Disclosure requirements of the Code
Under Rule 8.3(a) of the Code, any person who is interested in 1% or more of any class of relevant securities of an offeree company or of any securities exchange offeror (being any offeror other than an offeror in respect of which it has been announced that its offer is, or is likely to be, solely in cash) must make an Opening Position Disclosure following the commencement of the offer period and, if later, following the announcement in which any securities exchange offeror is first identified. An Opening Position Disclosure must contain details of the person’s interests and short positions in, and rights to subscribe for, any relevant securities of each of (i) the offeree company and (ii) any securities exchange offeror(s). An Opening Position Disclosure by a person to whom Rule 8.3(a) applies must be made by no later than 3.30 pm (London time) on the 10th business day following the commencement of the offer period and, if appropriate, by no later than 3.30 pm (London time) on the 10th business day following the announcement in which any securities exchange offeror is first identified. Relevant persons who deal in the relevant securities of the offeree company or of a securities exchange offeror prior to the deadline for making an Opening Position Disclosure must instead make a Dealing Disclosure.
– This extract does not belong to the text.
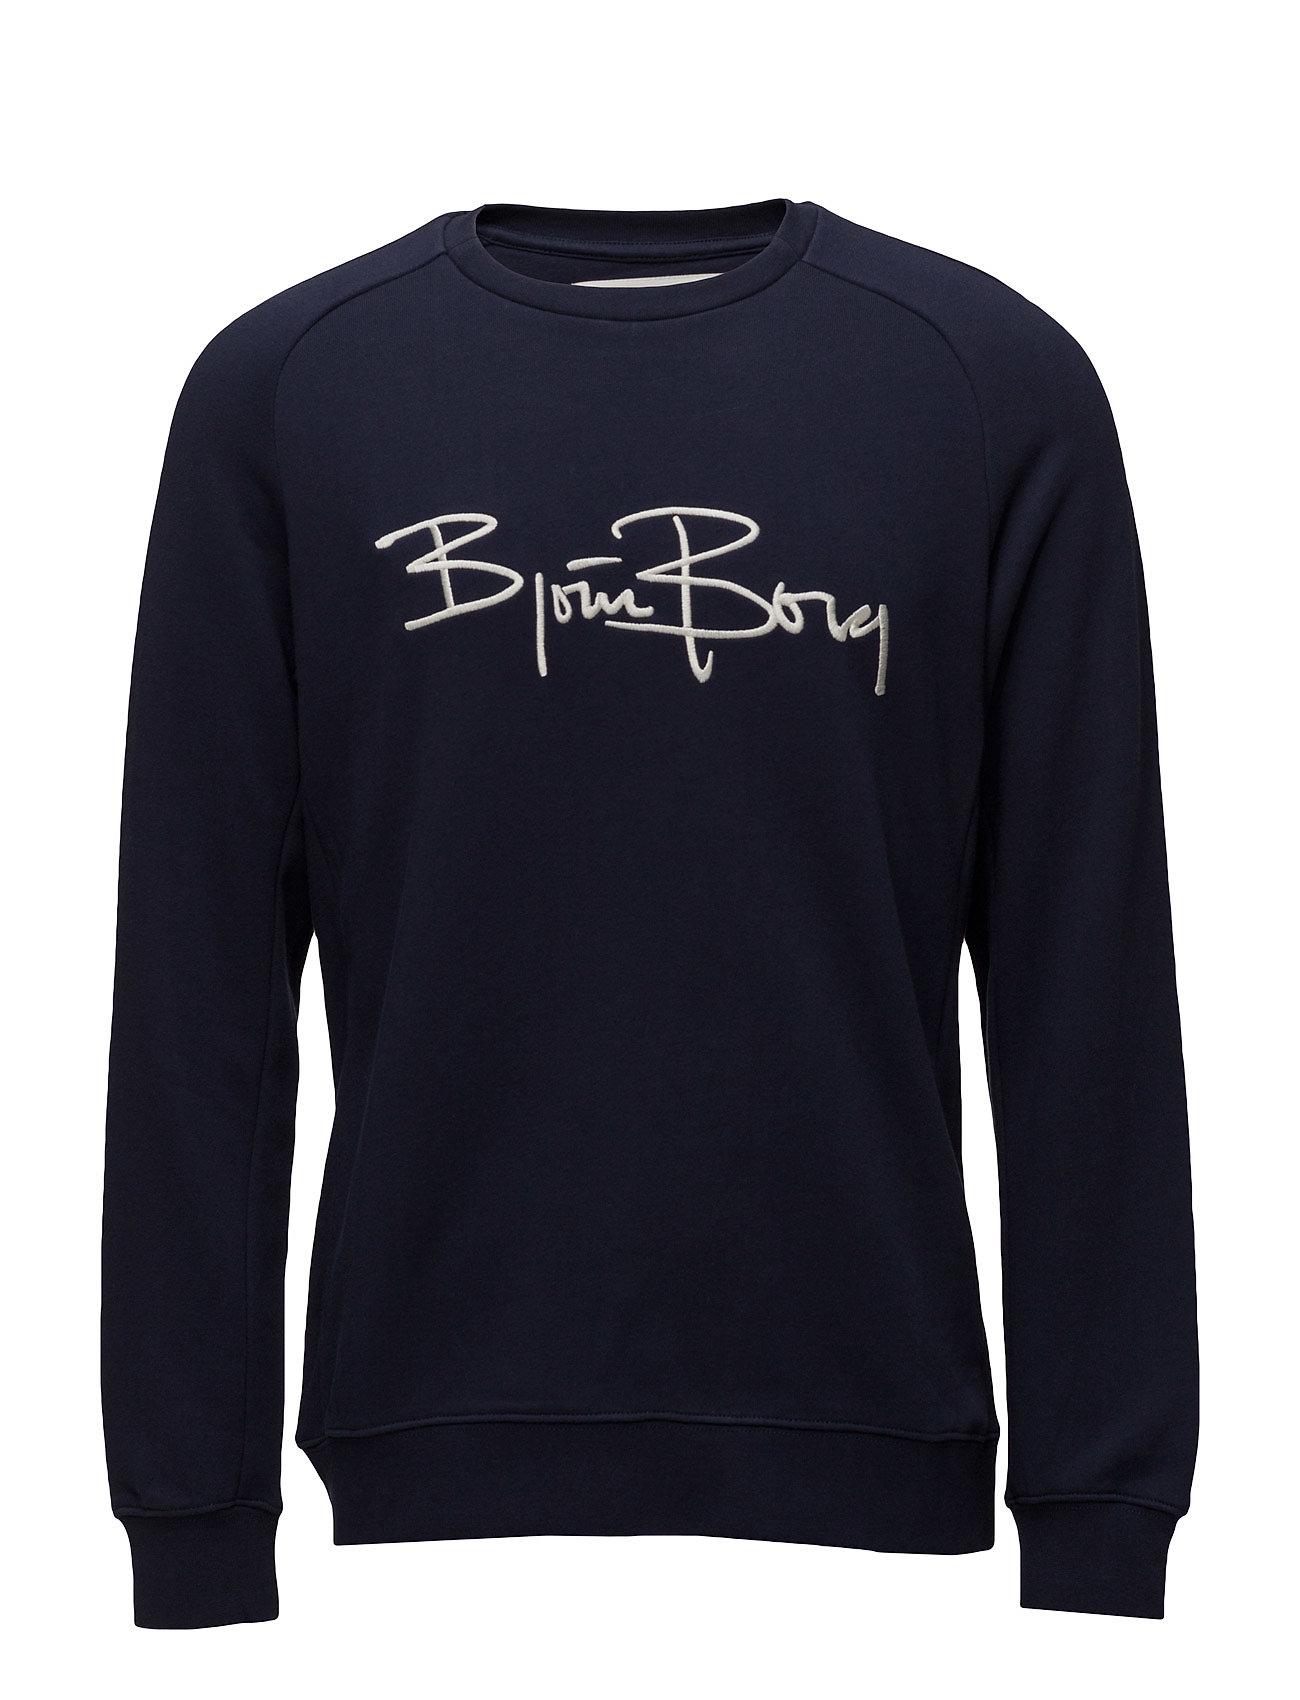 1p Crew Neck Signature¥75 Bjˆrn Borg Sports sweatshirts til Herrer i

Under Rule 8.3(b) of the Code, any person who is, or becomes, interested in 1% or more of any class of relevant securities of the offeree company or of any securities exchange offeror must make a Dealing Disclosure if the person deals in any relevant securities of the offeree company or of any securities exchange offeror. A Dealing Disclosure must contain details of the dealing concerned and of the person’s interests and short positions in, and rights to subscribe for, any relevant securities of each of (i) the offeree company and (ii) any securities exchange offeror, save to the extent that these details have previously been disclosed under Rule 8. A Dealing Disclosure by a person to whom Rule 8.3(b) applies must be made by no later than 3.30 pm (London time) on the business day following the date of the relevant dealing.
If two or more persons act together pursuant to an agreement or understanding, whether formal or informal, to acquire or control an interest in relevant securities of an offeree company or a securities exchange offeror, they will be deemed to be a single person for the purpose of Rule 8.3.
Opening Position Disclosures must also be made by the offeree company and by any offeror and Dealing Disclosures must also be made by the offeree company, by any offeror and by any persons acting in concert with any of them (see Rules 8.1, 8.2 and 8.4).
Details of the offeree and offeror companies in respect of whose relevant securities Opening Position Disclosures and Dealing Disclosures must be made can be found in the Disclosure Table on the Takeover Panel’s website at www.thetakeoverpanel.org.uk, including details of the number of relevant securities in issue, when the offer period commenced and when any offeror was first identified. If you are in any doubt as to whether you are required to make an Opening Position Disclosure or a Dealing Disclosure you should contact the Panel’s Market Surveillance Unit on +44 (0)20 7638 0129.
Publication on a website
In accordance with Rule 26.1 of the Code, a copy of this announcement will be made available on the Company’s website (www.arrowglobal.net/en/investors/Possible_offer_for_the_Company) no later than 12 noon (London time) on the next business day. The content of the website referred to in this announcement is not incorporated into and does not form part of this announcement.